Когда Леон разговаривал с девушкой, в кафе «Дю Коммерс» стало непривычно тихо; хозяин усердно протирал один и тот же стакан; завсегдатаи пускали кольца дыма к потолку и тлеющими концами сигарет сгребали в кучки пепел в пепельницах. И вот, когда девушка исчезла за стеклянной дверью, они очнулись из оцепенения и начали разговаривать – пока что вяло и с заминками, но уже в радостном предвкушении момента, когда Леон тоже исчезнет и они смогут обстоятельно, во всех деталях обсудить сцену, которую только что наблюдали.

Действительно, немного погодя Леон застегнул форменную куртку и на прощанье махнул хозяину рукой, но тот, не в силах больше сдерживать свою потребность высказаться, схватил Леона за рукав, навязал ему ещё один стакан бордо на посошок и выложил всё, что знал о девушке в блузке в красный горошек.

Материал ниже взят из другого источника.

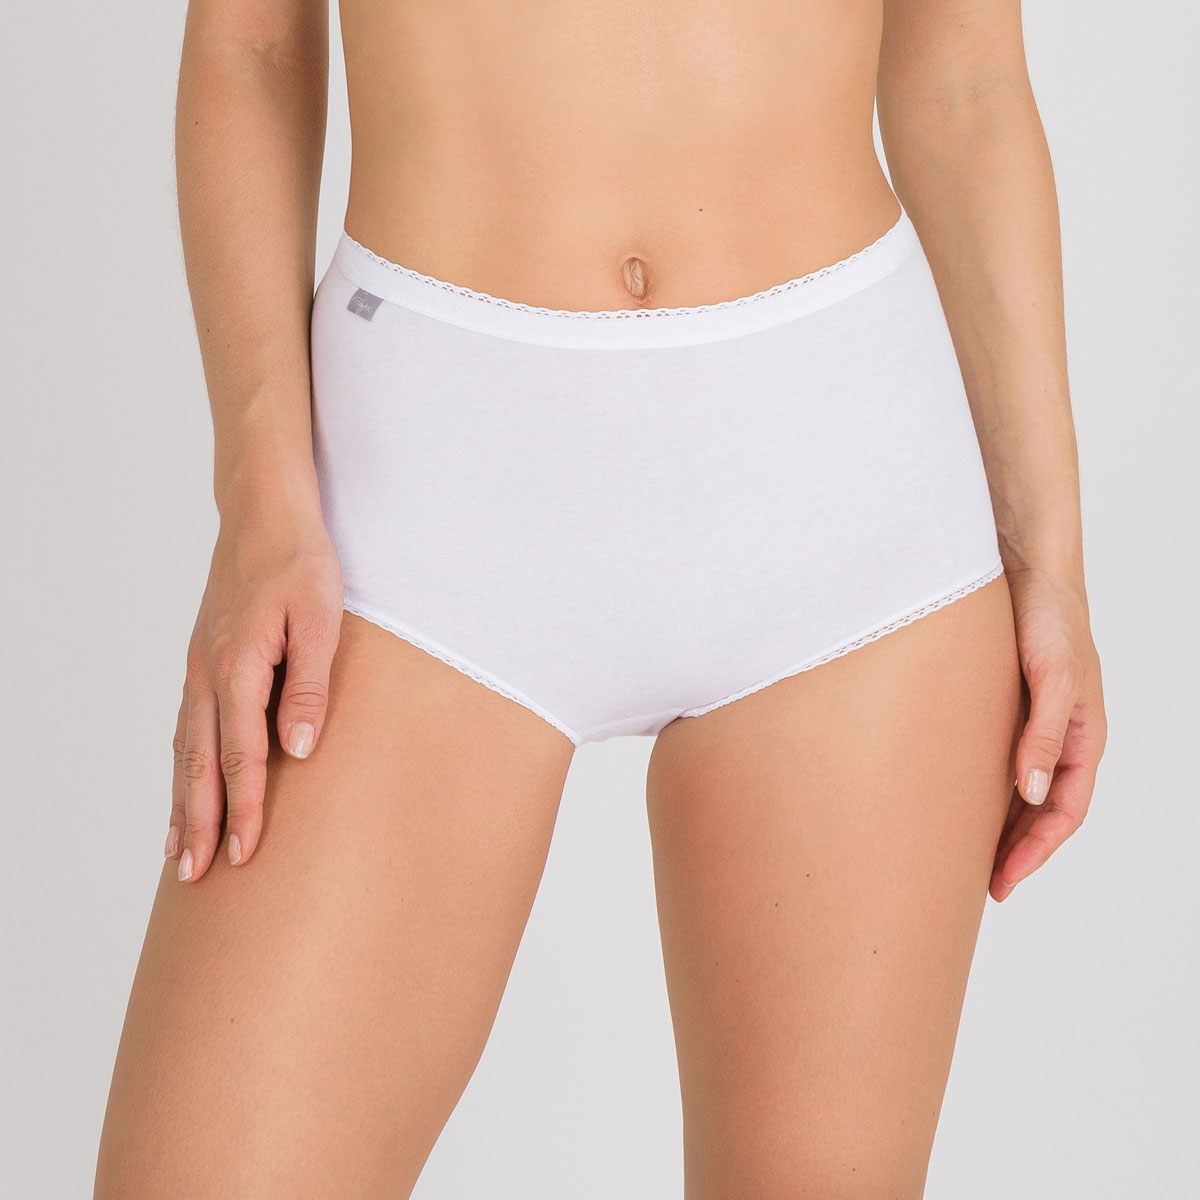 Pacco da 3 Slip Maxi basico bianchi - Cotone - PLAYTEX

Маленькая Луиза – на самом деле, она была не очень маленького роста, но её так называли, чтобы не путать с Толстой Луизой, женой могильщика, – так вот, два года назад маленькая Луиза прибилась к жителям Сен-Люка, как кошка. Некоторые утверждали, что она была сиротой из кирпичной деревушки на Сомме – одной из тех деревень, от которых после немецкого наступления весной 1915 года камня на камне не осталось. Точнее никто не знал; тех немногих, кто в первые недели осведомлялся о её происхождении, она с такой же кошачьей резкостью заставляла замолчать, и впредь этой темы никто не затрагивал. Она говорила на правильном французском, без акцента, который мог бы подсказать, из каких она мест, но это наводило на предположения, что она из хорошей семьи и училась в хорошей школе.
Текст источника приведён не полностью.